Figure 2.

Effect of overexpression of RNA binding proteins on midneurula development. Whole mount in situ hybridization for gene expression during neurula stages on uninjected control embryos or embryos injected with 50 pg mRNA. Uninjected control embryos showing expression of Sox2 marking all neural tissue (A); N-tubulin in differentiating neurons (B); Pax2 in the forebrain, MHB, and differentiating neurons of the spinal cord (C); Slug marking neural crest (D); and MyoD marking axial mesoderm (E).
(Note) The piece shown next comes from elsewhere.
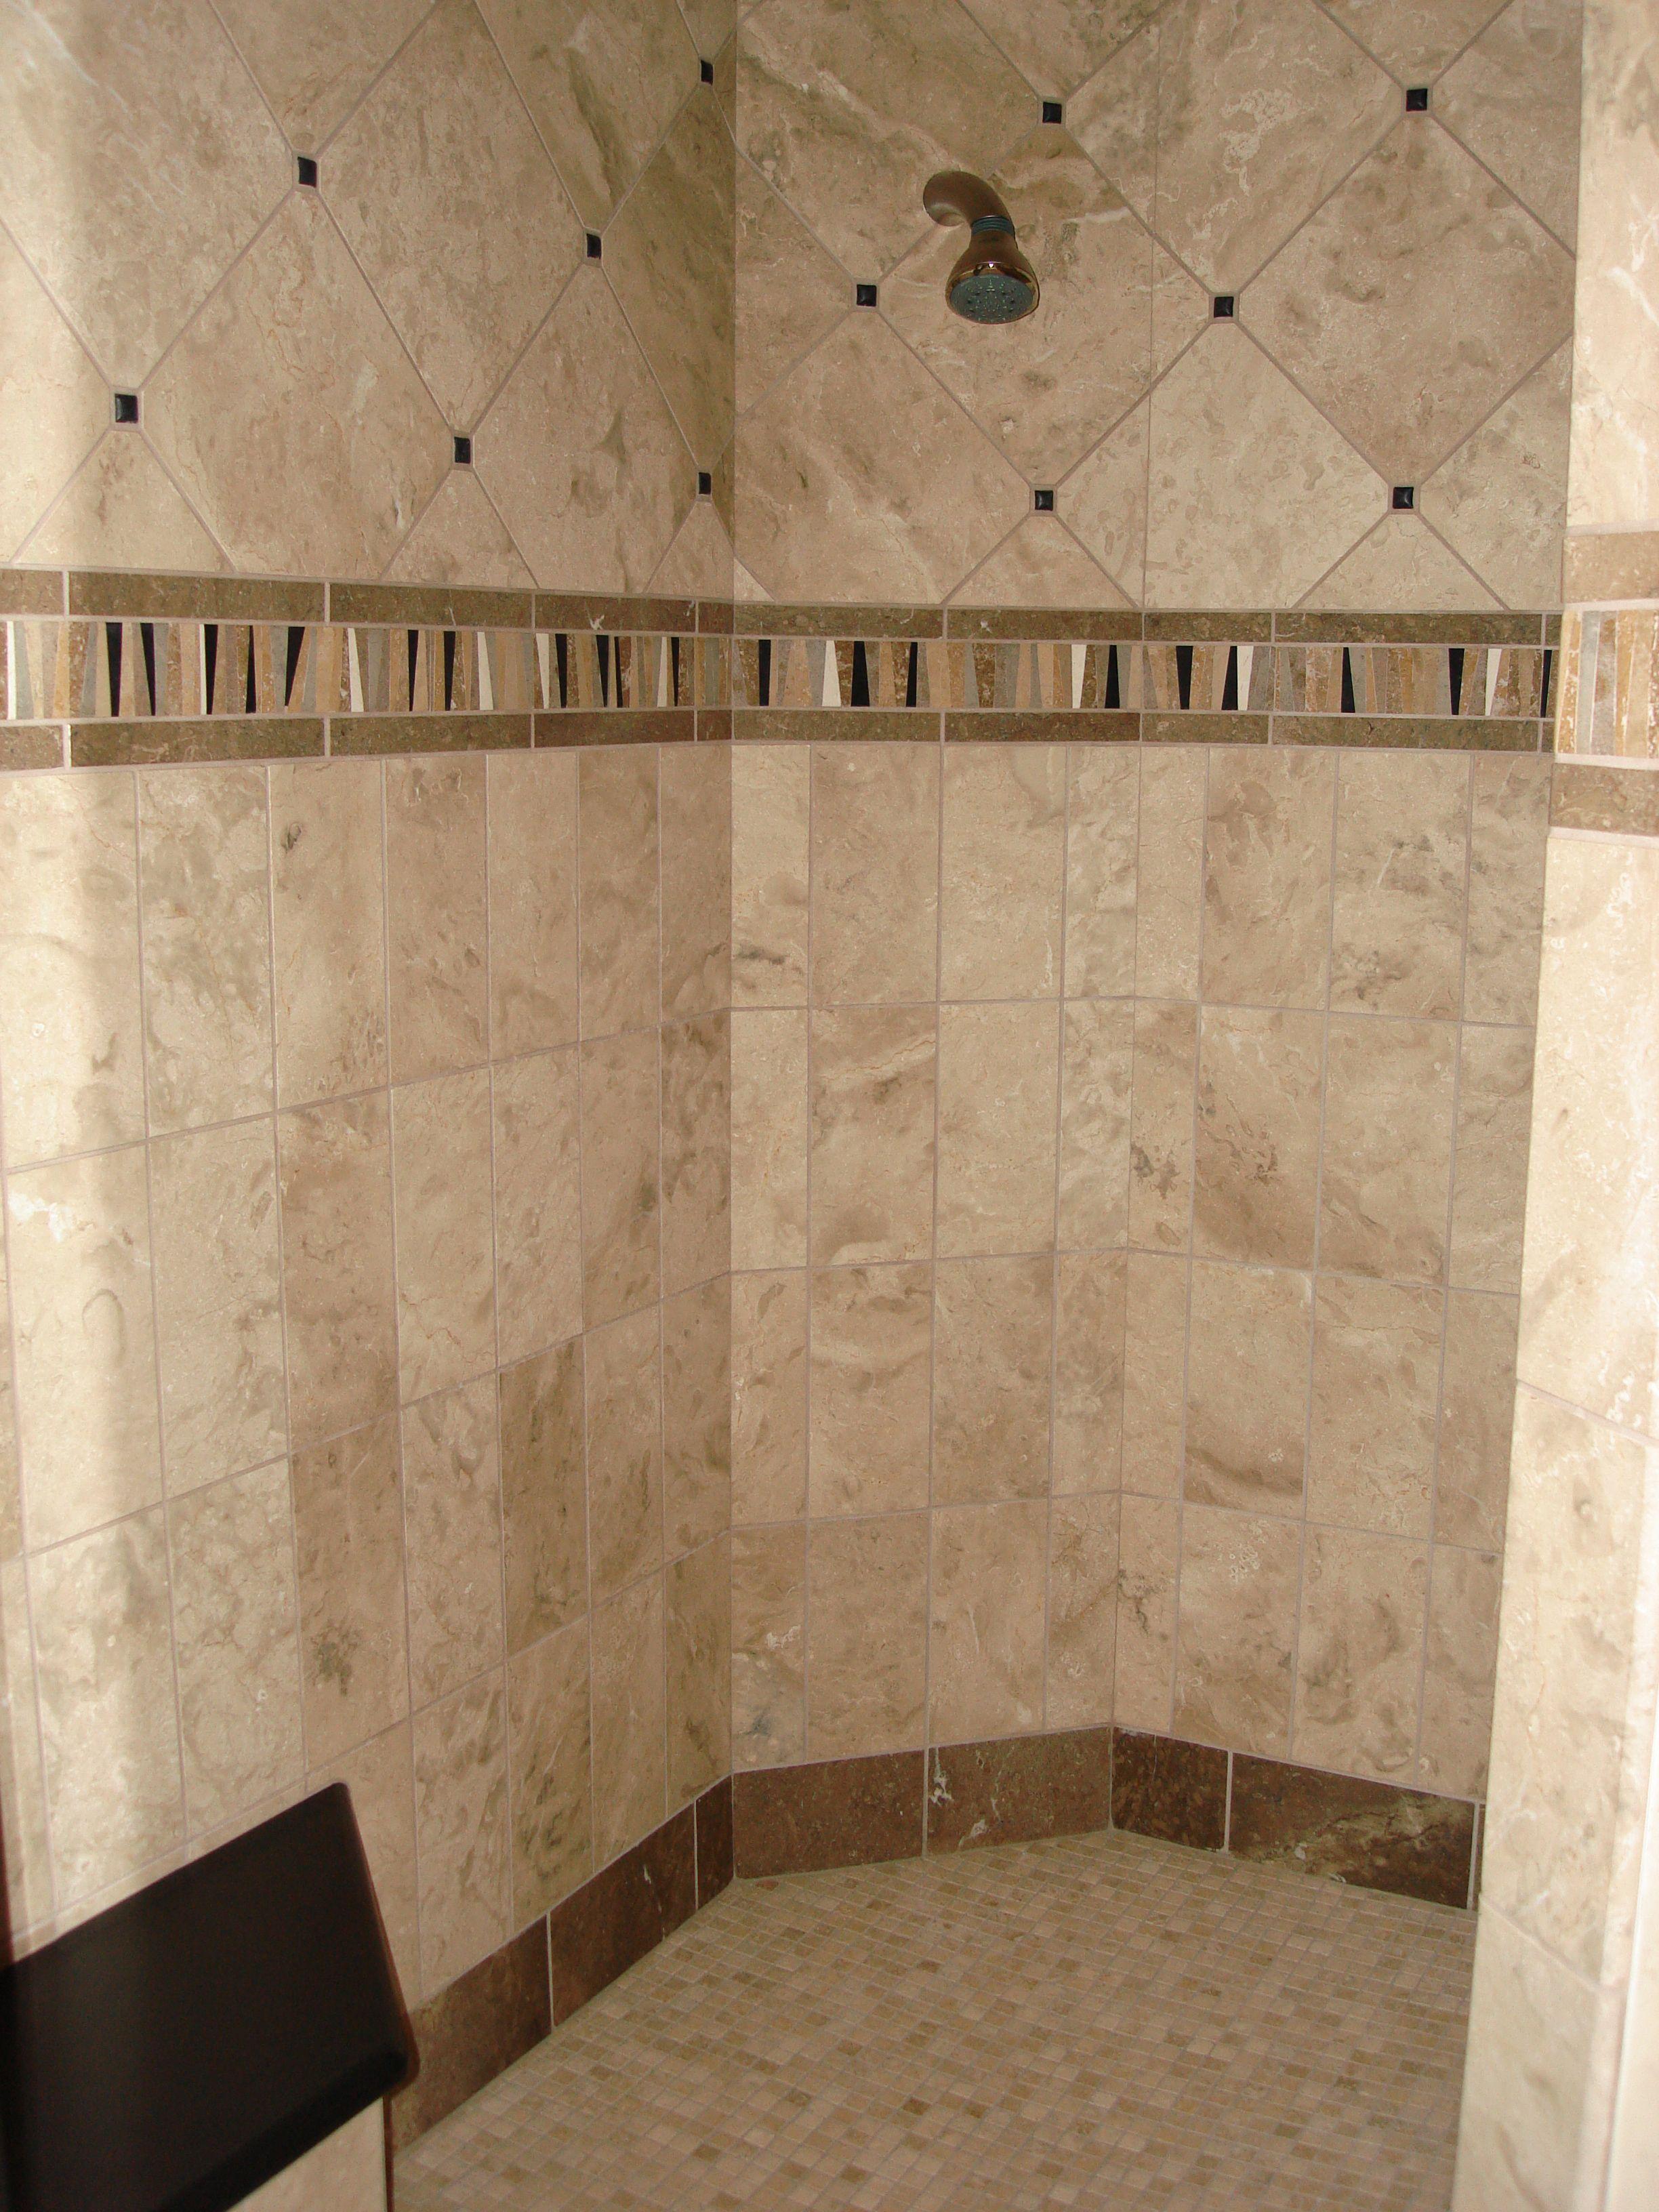 Bathroom Tiles Design Ideas Tile Ideas In Modern Bathroom Designs Bathroom Lovely Bathroom Bathroom Wall Tile Design Shower Tile Subway Tile Shower Designs
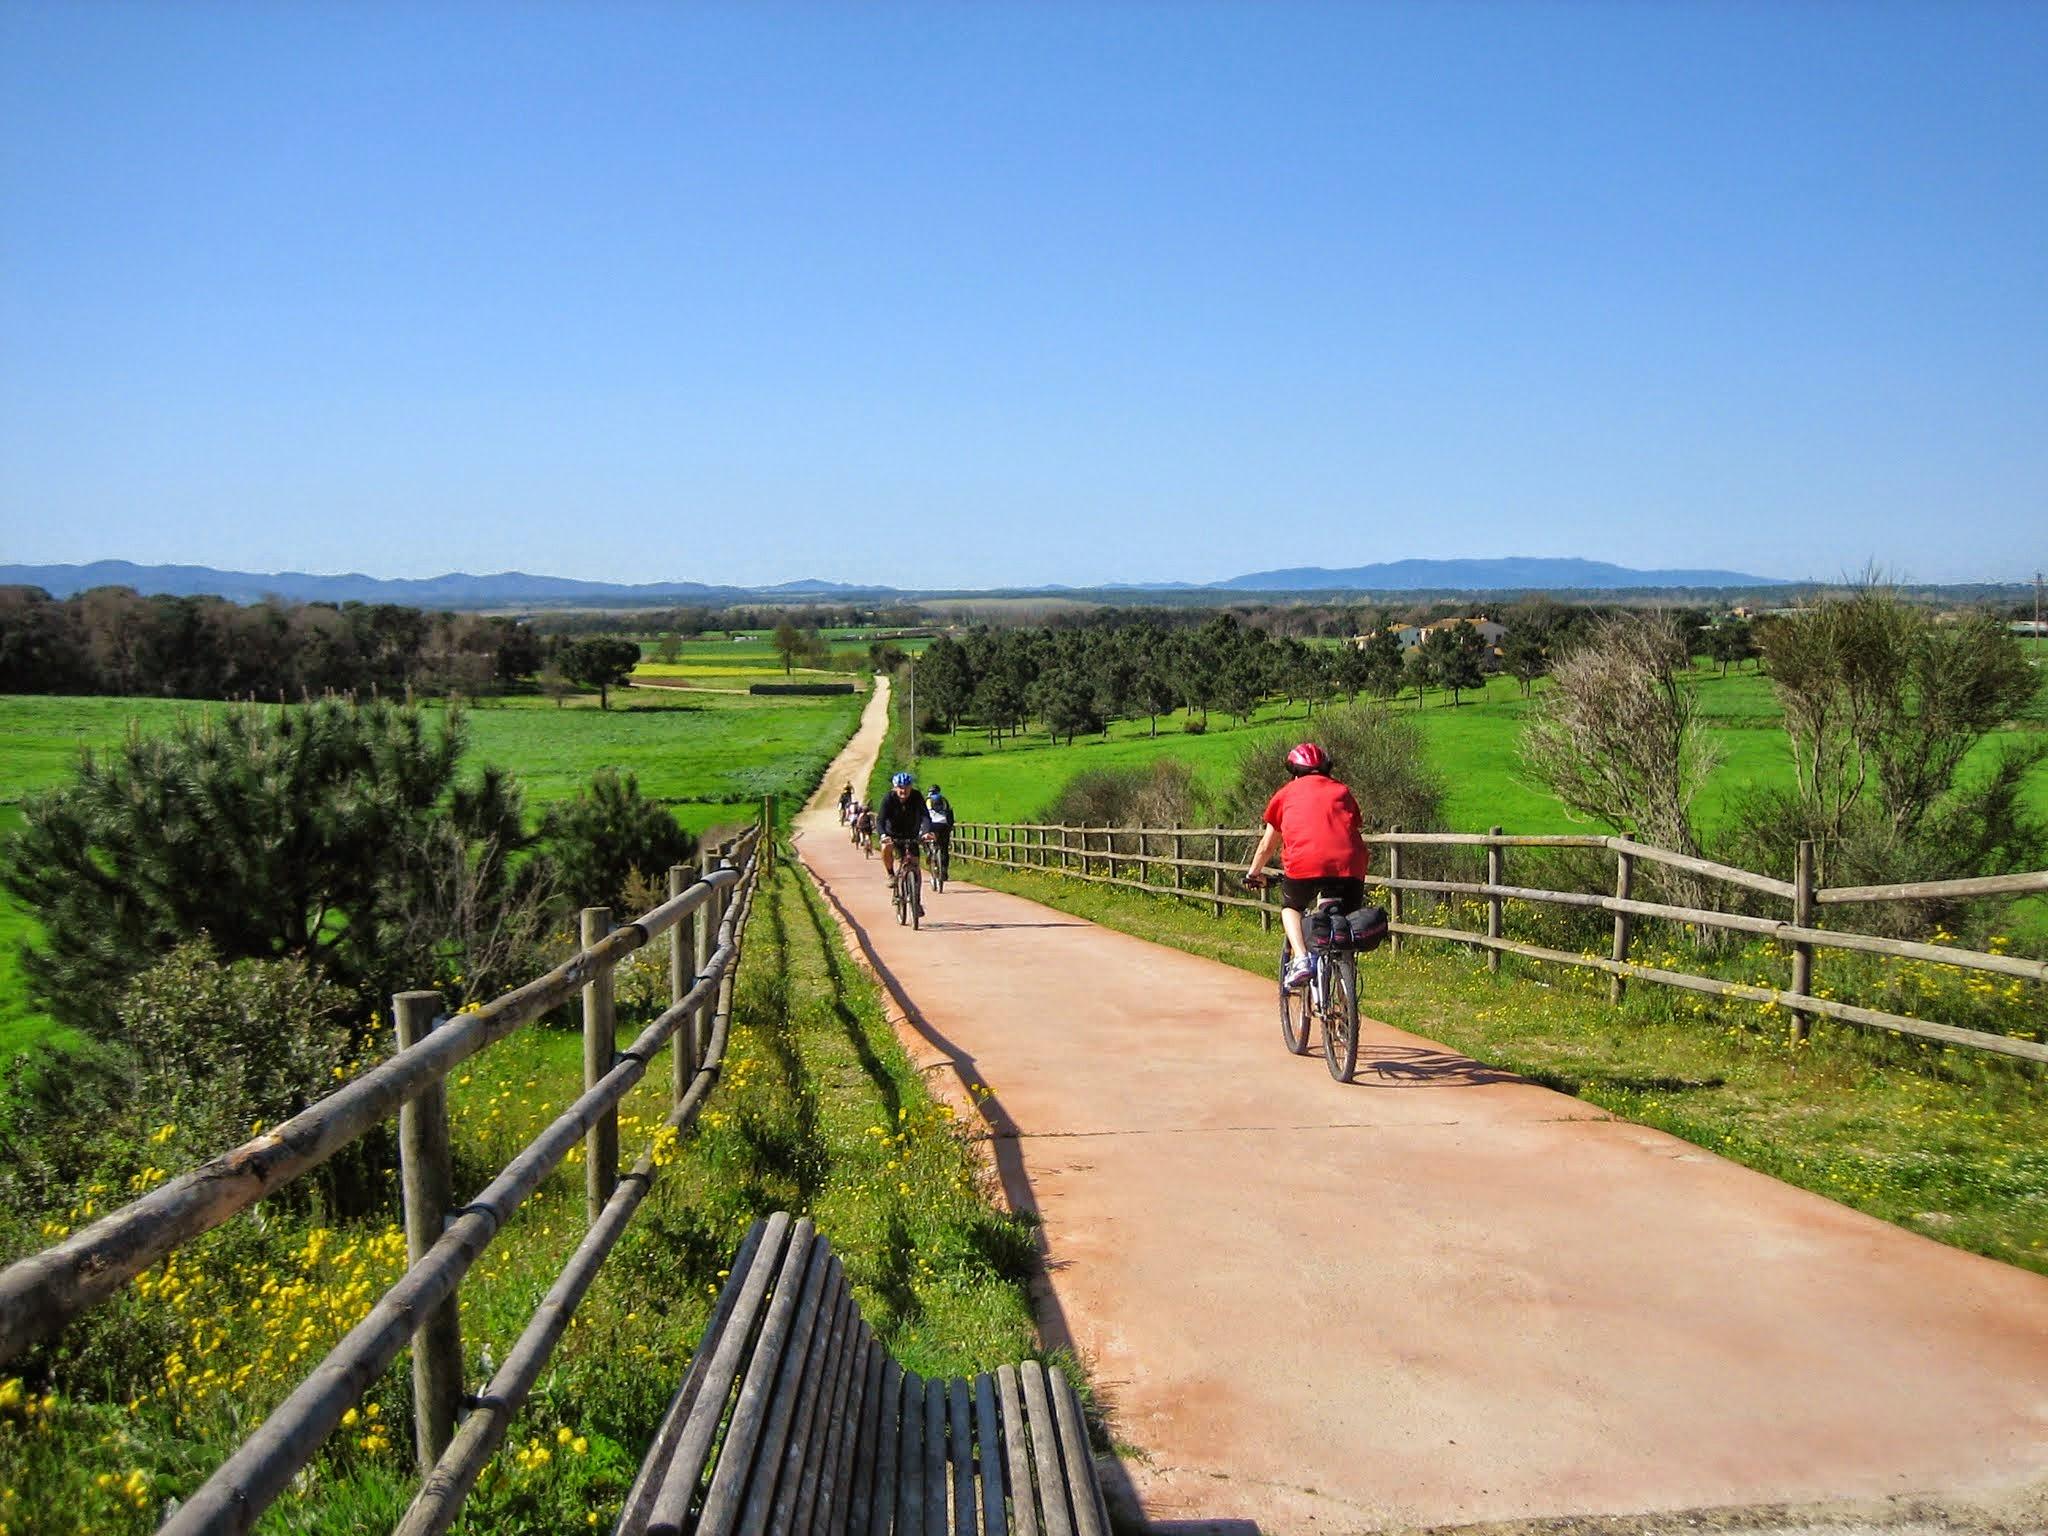 Via Verda del Carrilet II: Girona - Sant Feliu de Guixols

RBMX mRNA injected embryos have normal neural plate morphology (F), but inhibited neural differentiation (G), and perturbed expression of Pax2 (H) and Slug (I), whereas axial mesoderm is largely unaffected (J). SFRS3 mRNA injection does not affect Sox2 expression (K), but neurogenesis is inhibited (L) though Pax2 expression in the brain (M) and Slug expression in the neural crest is intact (N). MyoD expression is reduced as response to SFRS3 (O). Sam68 injection does not alter Sox2 (P), Pax2 (R), or MyoD expression (T), but inhibit neurogenesis (Q) and Slug expression in neural crest (S). Embryos were injected with 50 pg mRNA in one cell at the 2-cell stage. Coinjected beta-galactosidase mRNA developed with red-gal was used as a lineage tracer. Embryo orientation is dorsal up, anterior facing.